For example, large (predatory fish) are regarded by hobbyists as requiring a diet of minimum 45% protein, 3-6% fat, and 2-4% fiber for optimal health. This is quite different from what a general community mix offers. This is why we are seeing more and more "specialist" diets (eg Hikari Massivore) as the fat content in regular food is too high..

Few true herbivores exist in the fish world (I believe more are saltwater) but I am sure they have their own set of needs..

A proper analysis of any food needs more in depth study than merely what you are seeing here.. One of the bonuses of creating a home made meal plan for the fish is that you have much better control over the numbers they are getting.. I do not know for betta splendens, if as insectivores they need high protein low fat or not.

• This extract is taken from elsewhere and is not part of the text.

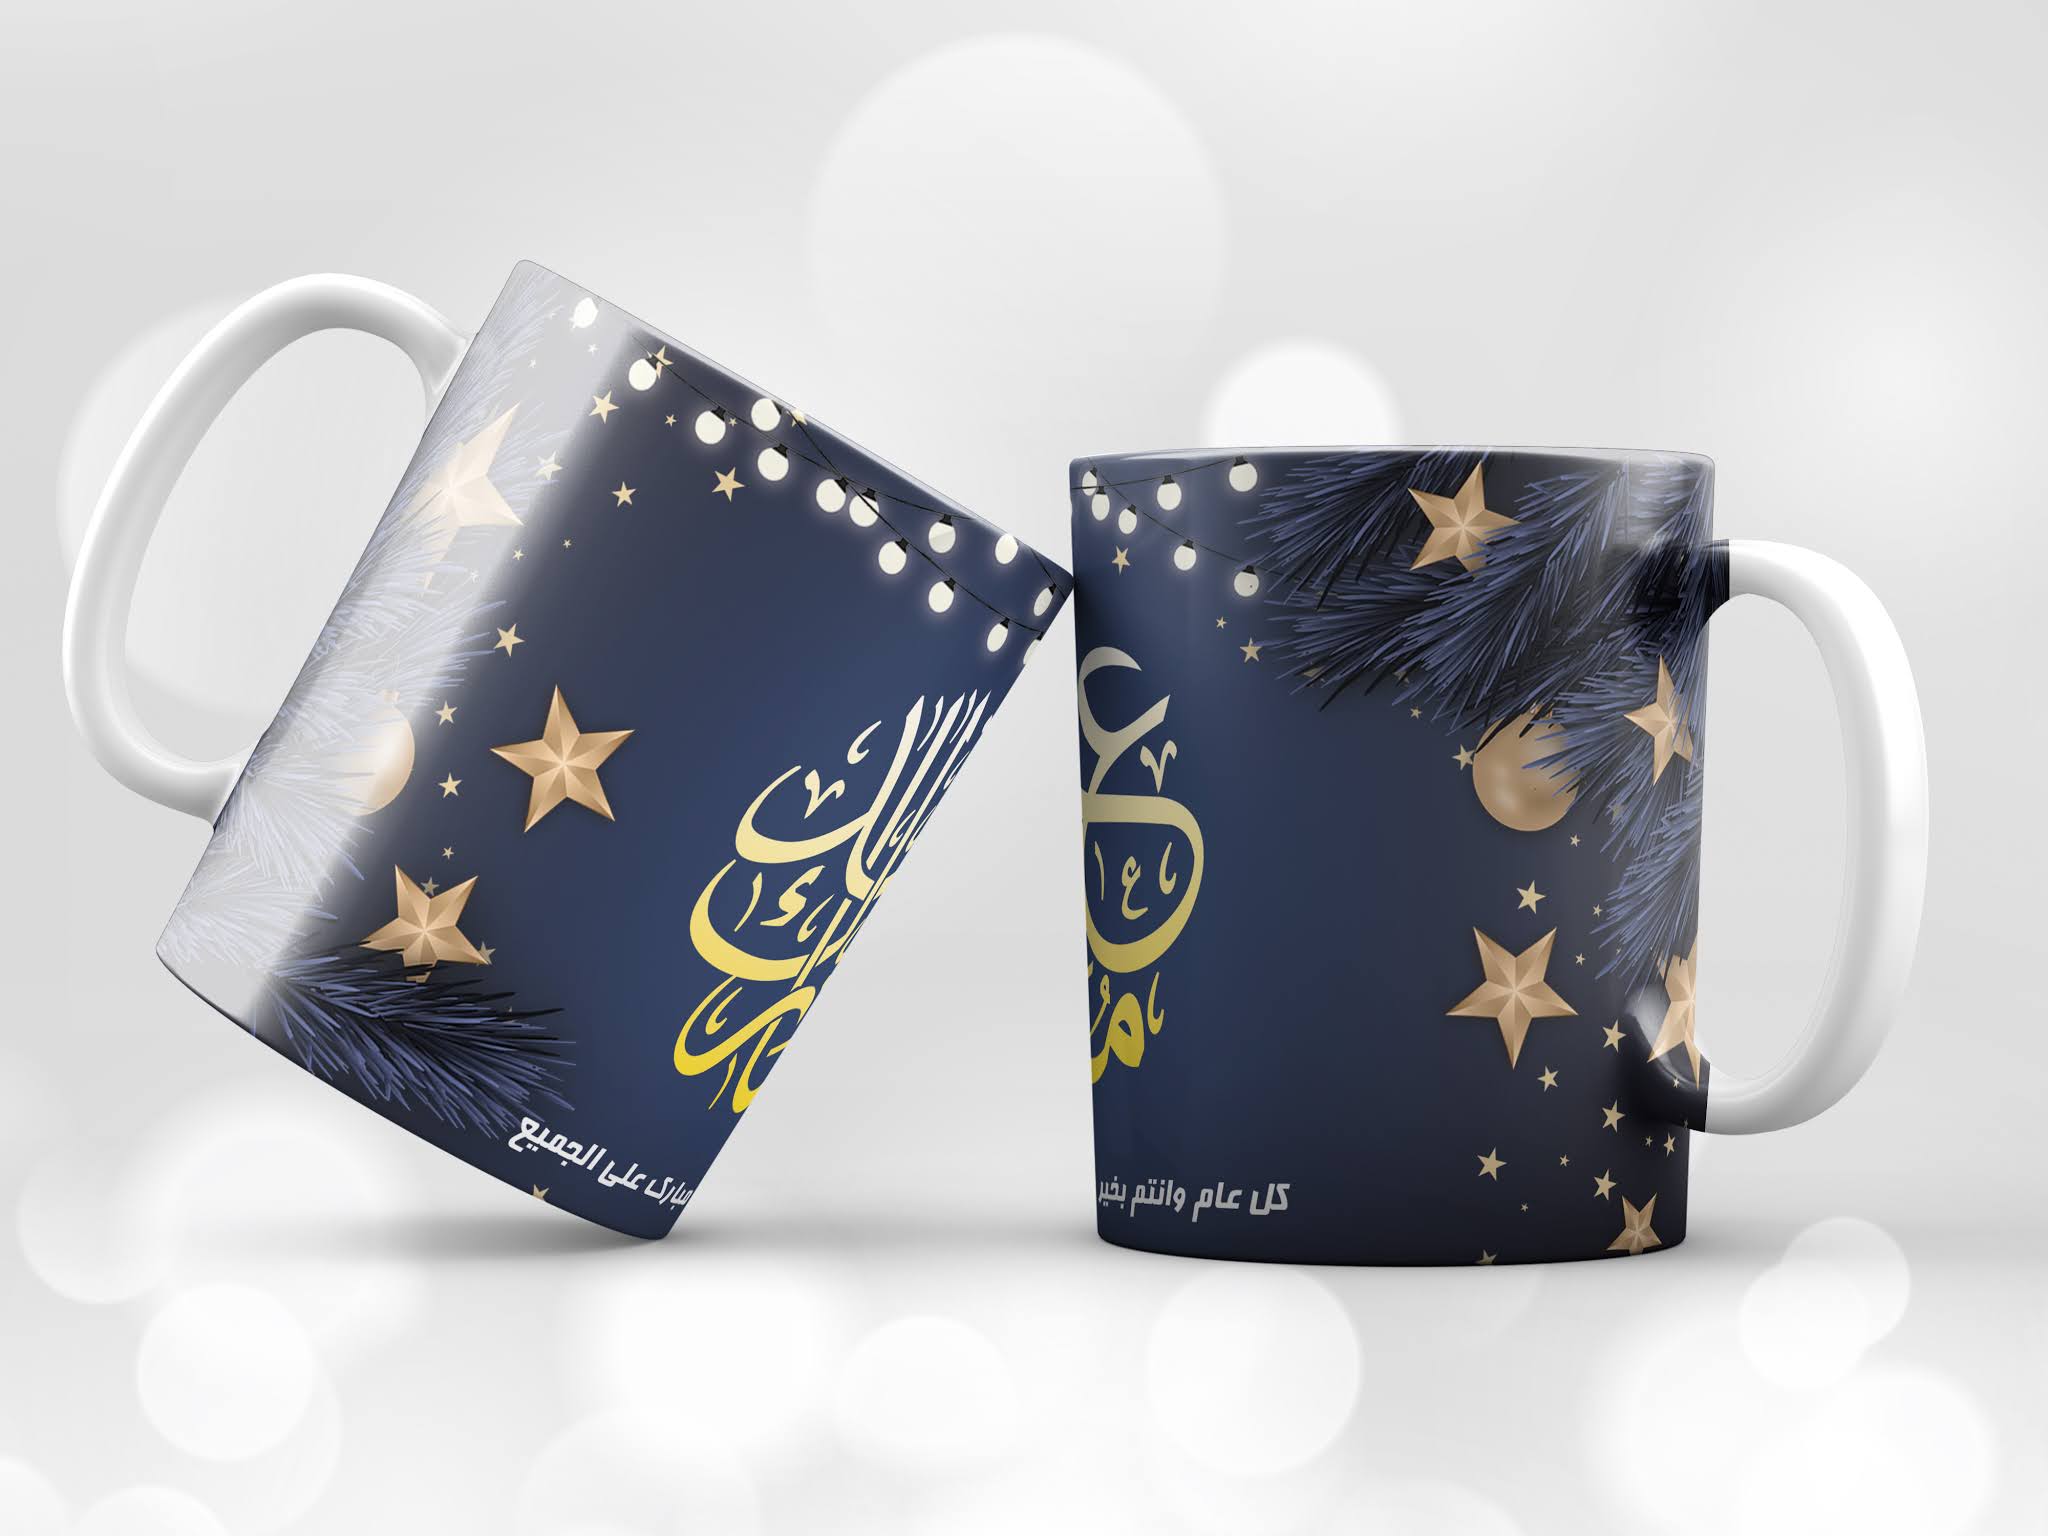 Download printing designs on mugs and mugs, group No. 1, free download

If you are feeding fish with a live food/frozen diet, I would highly recommend purchasing a supplement such as Vita-Chem (which fish do absorb through the water). 

As for the worm question, when I think of a bloodworm I think of a worm with a high water content inside it. If you've ever crushed one you would know they are little shells full of liquid basically. Mosquito larvae don't seem to have as much water inside it, which probably doesn't bloat up a fish as fast. (I do think the moisture listed on those cubes is for the whole cube which does have water around it)... 
I do believe the conditions the bugs are raised in is reason enough to choose mosquito as the better, but I know you are more concerned about betta splendens, where everyone idolizes mosquito and hates bloodworms.


And just for fun, have a look at a classic goldfish meal developed by a very knowledgeable goldfish enthusiast.. This sort of thing is nice too look at because you can see how much protein came from the fish vs the plant matter. As goldfish are omnivores, the protein level of "63%" seems a little shocking before splitting plant/animal protein.. 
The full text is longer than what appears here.